Dora tried not to judge but cautiously took them at face value. She could only imagine how hers sounded to them, probably overly sappy and dramatic. 


She moved on to the next one. 


Collective Memory Bank: File 12 of 15
ID: Ruhan Watson 

Something flashed, and I opened my eyes—disoriented, confused. My mother stroked my hair and told me it was just lightning. I sat up, trying to understand where I was. 

The air was cold, damp. We were in a cave, huddled at its center, where straw and thick quilts had been laid out. Water dripped somewhere in the dark, echoing deep into the stone. 

I stood. My mother didn’t stop me—she followed. Together, we stepped carefully toward the mouth of the cave. 

Far below, our village lay still. It was hard to make out shapes in the darkness, until lightning cracked across the sky. 

“The town is on fire!” I gasped. “We have to go back! We have to help!” 

My mother took my arm gently and shook her head. “No, Ruhan. The town is not on fire.” 

“Then what is that?!” 

“Look closer. The center of town.” 

I let my eyes adjust. She was right. It wasn’t the whole town—just a massive bonfire at its heart. So large and fierce that, in the lightning, it made everything look like it was burning. 

“Why? What’s happening?” 

Her voice was quiet. Pained. “They’re removing the infected ones.” 

And just like that—I understood. My friends. My teachers. Our neighbors. My father. I had no idea who had survived. The not-knowing was agony. 

I ran back to the blankets and buried myself in them, sobbing. My mother followed, lifting my head into her lap and stroking my hair again. 

I caught my grandmother’s eyes—Nǎinai. She looked at my mother and gave a slow, knowing nod. A quiet kind of pride. 

“I’m sorry, Ma,” my mother said. “You were right. I’m glad we listened.” 

Nǎinai said nothing. Just smiled with as much comfort as she could muster. 

It had only been a week since we left. 

Nǎinai had begun insisting—urgently—that we go to the cave. At first, we thought she’d finally lost her grip. She was 105, after all. But the urgency in her voice… it was unlike anything we’d heard before. 

On the third day of pleading, my father came home from the docks and said simply, “We need to go.” 

She beamed, toothless and grinning. “I didn’t live through wars and storms to sit still when the wind turns.” 

He gently nudged my mother toward their room before she could ask anything. My little sister and I exchanged looks. She shouted, “I get the lucky quilt!” and dashed off to our room. 

The lucky quilt was our shared treasure—stitched with a silk tiger on one side, a family blessing in red thread on the other. It had been passed from Nǎinai to our mother, and now to us. 

I chased after her, then stopped and looked back. 

“Nǎinai… why are we going? Is this a fun trip? Or something else?” 

She hesitated. “I didn’t get to be 105 without knowing which way the wind is blowing. Bring your warmest clothes. One notebook. A keepsake. And remember—my back’s not what it used to be, so only carry what you can.” 

She patted my cheek, studying my face in that quiet way of hers. 

That was the day school closed. A red-ink notice went up:
Classes suspended until further notice due to local illness. 

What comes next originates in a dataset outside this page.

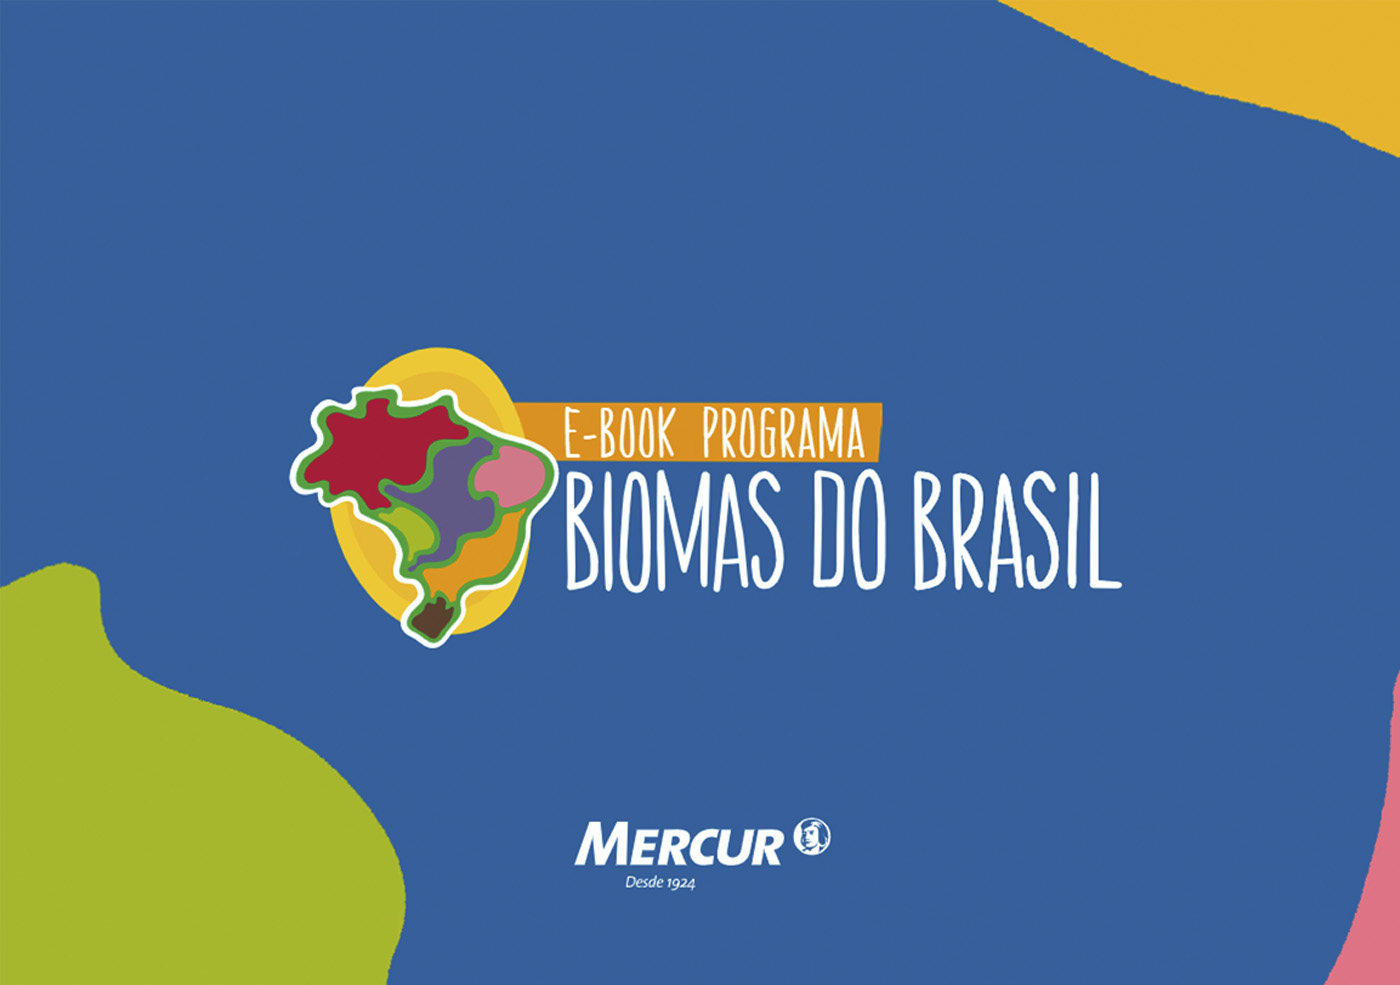 E-book programa Biomas do Brasil

My sister and I whooped with joy. 

Then Bàba appeared in the doorway—stern, silent. 

She froze. “Duìbuqǐ, Bàba.” 

He gave a soft smile. I jumped at the chance. 

“Can we go play while you pack? We’re ready! We packed everything last night!” 

He frowned. “I’m sorry, my little dumplings. You need to go straight to the cave. Try not to get close to anyone—not even me.” 

We stared at him. “Why?” 

“This flu could be hard on kids your age. We need to protect you.” 

I scoffed. “That’s a terrible idea. We’ll catch it in the cave for sure.” 

I regretted it instantly. 

But Bàba didn’t scold me. He just looked… sad. 

“Your grandmother likes to remind us, A LOT. She didn’t survive famine and floods by ignoring signs.” 

My sister tried to run to him, but he stepped back, holding up a hand. 

“Don’t. If I’m sick… I don’t want you to be, too.” 

She frowned. “Is that why you slept in the study?” 

“You’re so smart, my little dumpling,” he whispered. 

He almost reached for her. Then didn’t. 

“I have to go to work. I won’t see you until this is over. I’ll come get you when it’s safe.” 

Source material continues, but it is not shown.